Objectives: To investigate the associations between circulating CRP levels and central AD biomarkers-including Aβ deposition, tau, and AD-signature neurodegeneration-in nondemented older adults.
Design, setting, participants: This cross-sectional observational study analyzed data from a Korean Brain Aging Study for Early Diagnosis and Prediction of Alzheimer Disease conducted from 2014 to 2020. A total of 417 nondemented older adults underwent comprehensive evaluations, including blood sampling and multimodal neuroimaging for measuring of Aβ and AD-signature neurodegeneration. A subset of participants (N = 123) also underwent tau positron emission tomography (PET) scan.

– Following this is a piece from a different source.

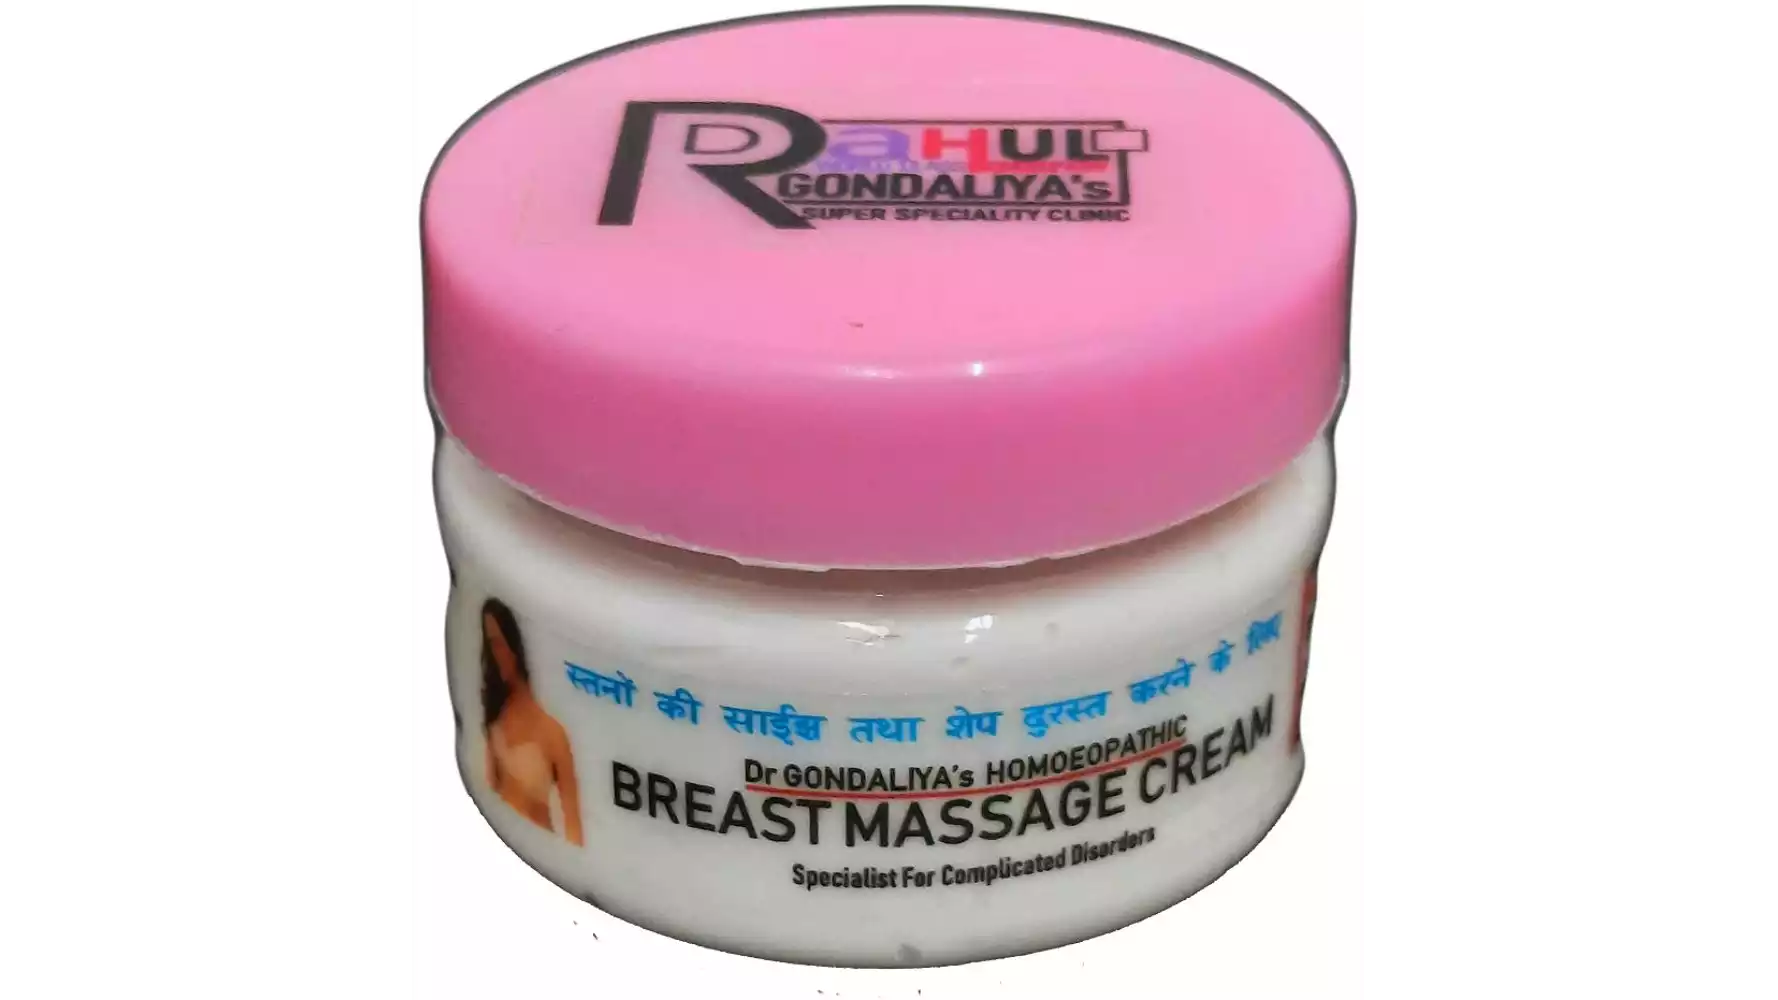 Dr Gondaliyas Homoeopathic Breast Massage Cream (50g)

Measurements: The primary outcomes were A/T/N biomarkers of AD, including brain Aβ and tau deposition measured via amyloid and tau PET, as well as AD-signature neurodegeneration measured by fluorodeoxyglucose (FDG)-PET. Associations between CRP levels and these biomarkers were analyzed while adjusting for CRP-decreasing allele scores, as well as other confounders, including age, sex, vascular risk score, body mass index, nonsteroidal anti-inflammatory drug (NSAID) usage, smoking status, and APOE ε4 carrier status.
Results: The mean (SD) age of participants was 70.57 (8.00) years, with 179 (42.9 %) females. Circulating CRP levels showed non-linear associations with A/T/N biomarkers of AD, showing a U-shaped relationship with Aβ and tau deposition and an inverted U-shaped association with neurodegeneration. Threshold effect analyses revealed that CRP was inversely associated with Aβ deposition (B = -0.081; 95 % CI, -0.153 to -0.007; p = 0.031) below 0.63 mg/L, after adjusting for all confounding variables. In contrast, higher CRP levels were associated with lower cerebral glucose metabolism in AD-signature regions, indicative of greater AD-related neurodegeneration, when above 2.15 mg/L (B = -0.056; 95 % CI, -0.112 to -0.001; p= 0.042).
Conclusions: Our study revealed differential associations between circulating CRP levels and central AD biomarkers that varied according to the CRP concentration. Further studies are necessary to elucidate the mechanisms underlying the inverse relationship between circulating CRP and brain Aβ within the clinically normal range, as well as potential aggravating effects of elevated CRP on Aβ-independent neurodegeneration.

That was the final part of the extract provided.